Transplant candidates may wait longer for available kidneys
September 9, 2004
Researchers from the University of Chicago and Stanford University found that one of the new programs to increase the number of kidneys available for transplantation has disadvantages for candidates with blood type O who are waiting for an organ from a deceased donor. The researchers’ findings appear in the Sept. 15, 2004, issue of Transplantation.
Through a process called list-paired exchange, a person waiting for a kidney transplant gets a higher priority on the wait list for an organ from a deceased donor when a relative makes a living donation to another waiting recipient. The living donor is not able to donate to his or her relative, usually because of blood type incompatibilities, so the willing donor gives his or her kidney to an unknown person on the wait list.
The researchers argue that list-paired exchanges are unethical because they harm an already vulnerable population. The majority of candidates waiting for kidneys have blood type O. They have the longest wait times. Where list-paired exchanges are permitted, the researchers show, wait-list candidates of blood type O are forced to wait even longer for an available deceased donor kidney.
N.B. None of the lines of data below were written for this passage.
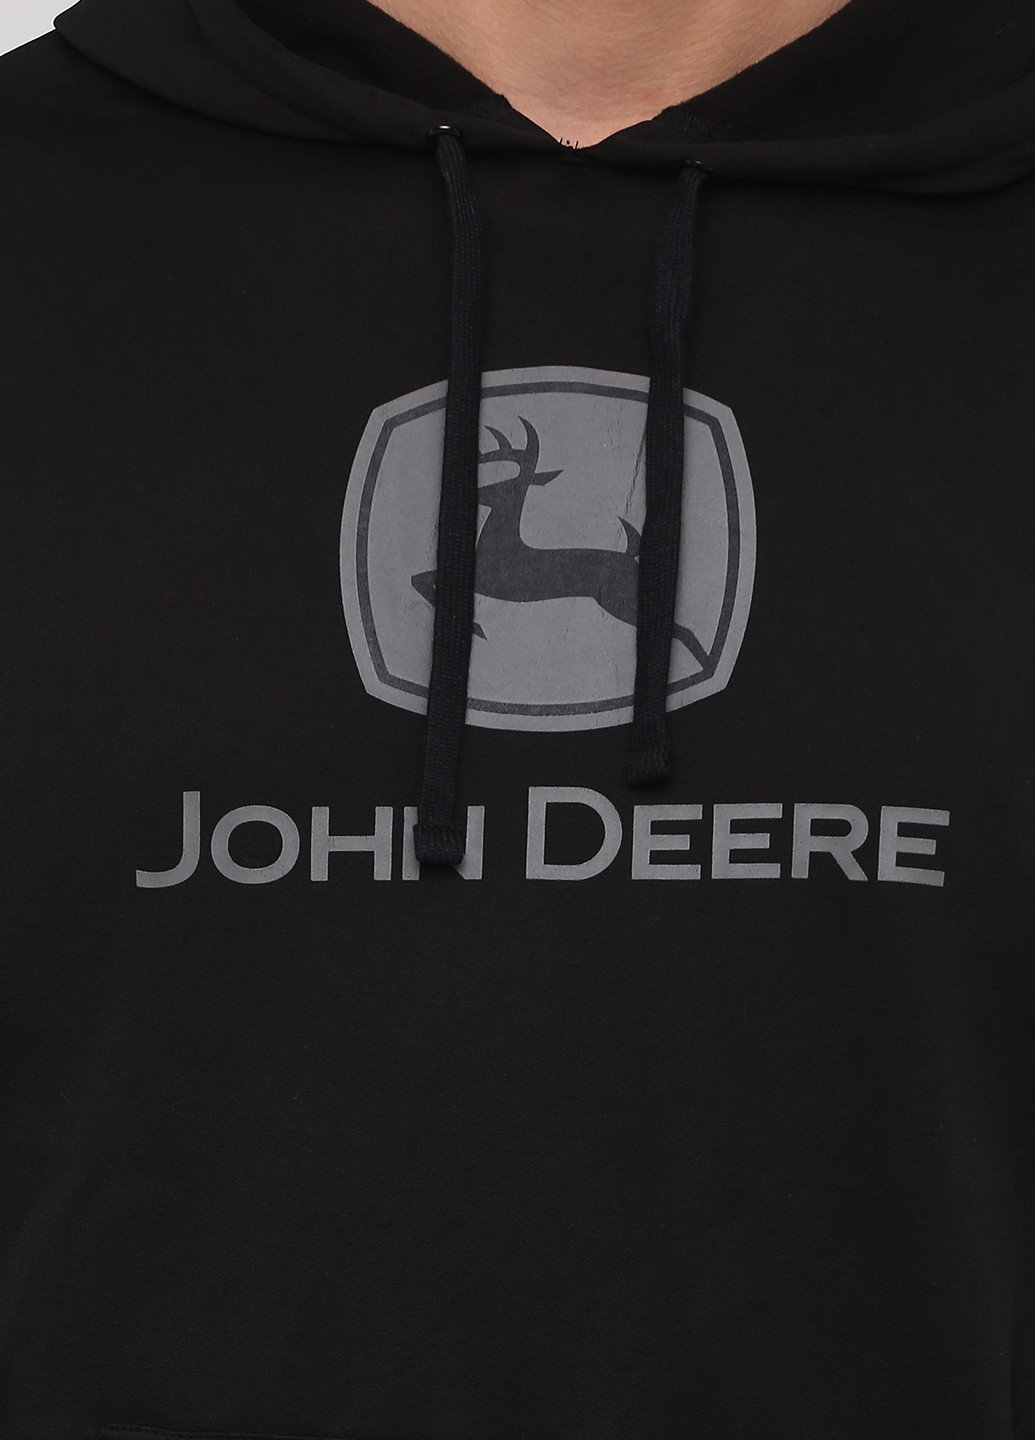 Худи John Deer надписи чёрные спортивные хлопок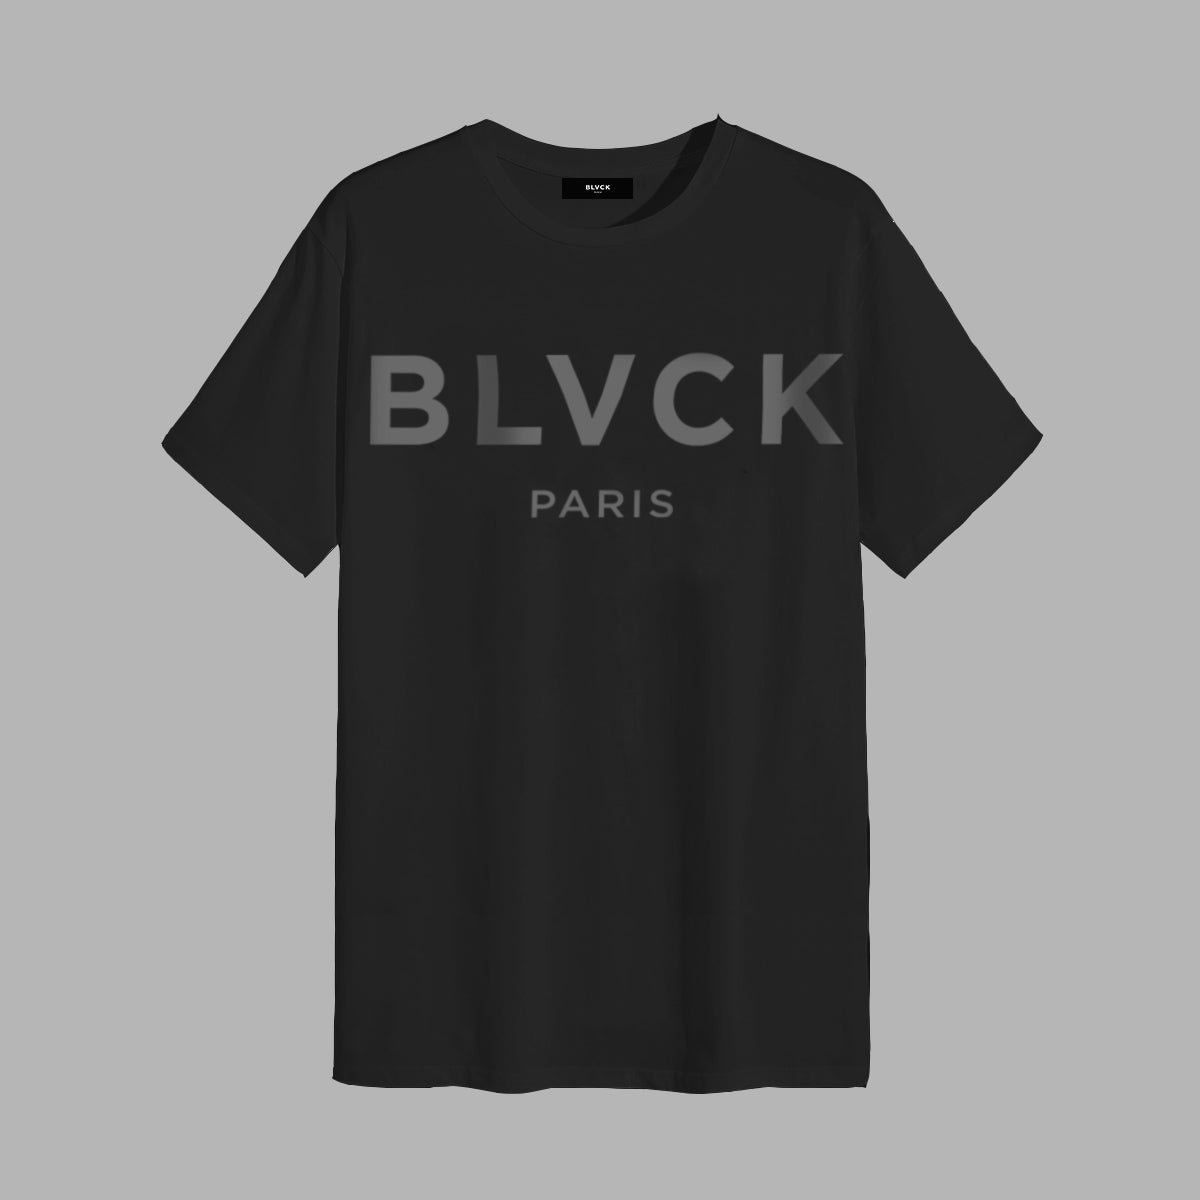 Embrace the Dark Side - Blvck Paris unveils the 'blackest black' tee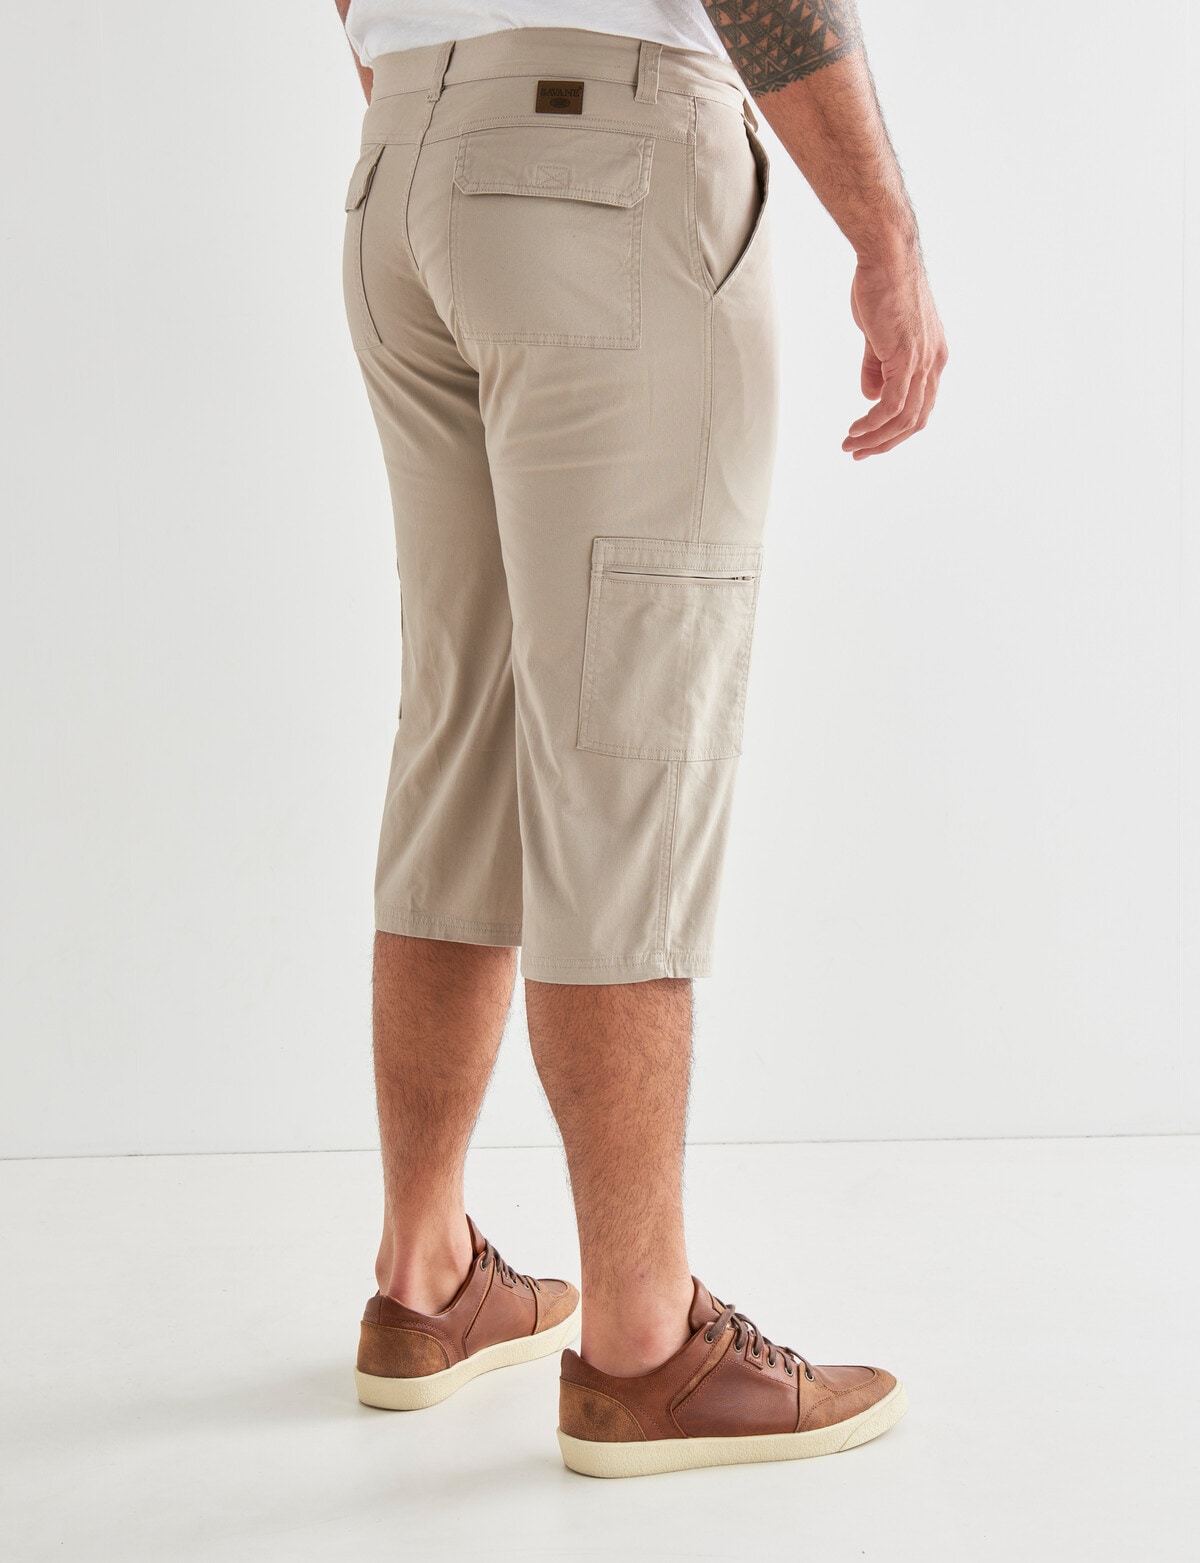 Men's 3/4 Long Capri Shorts – 33,000ft

According to the Organ Procurement and Transplantation Network, more than 30,000 people with blood type O in the United States are on the kidney wait list as of July 2004. That’s the largest number of candidates compared to the other blood types (A, B and AB). Individuals of all blood types can receive an organ of blood type O, but those with blood type O can only receive a donation from another individual of blood type O.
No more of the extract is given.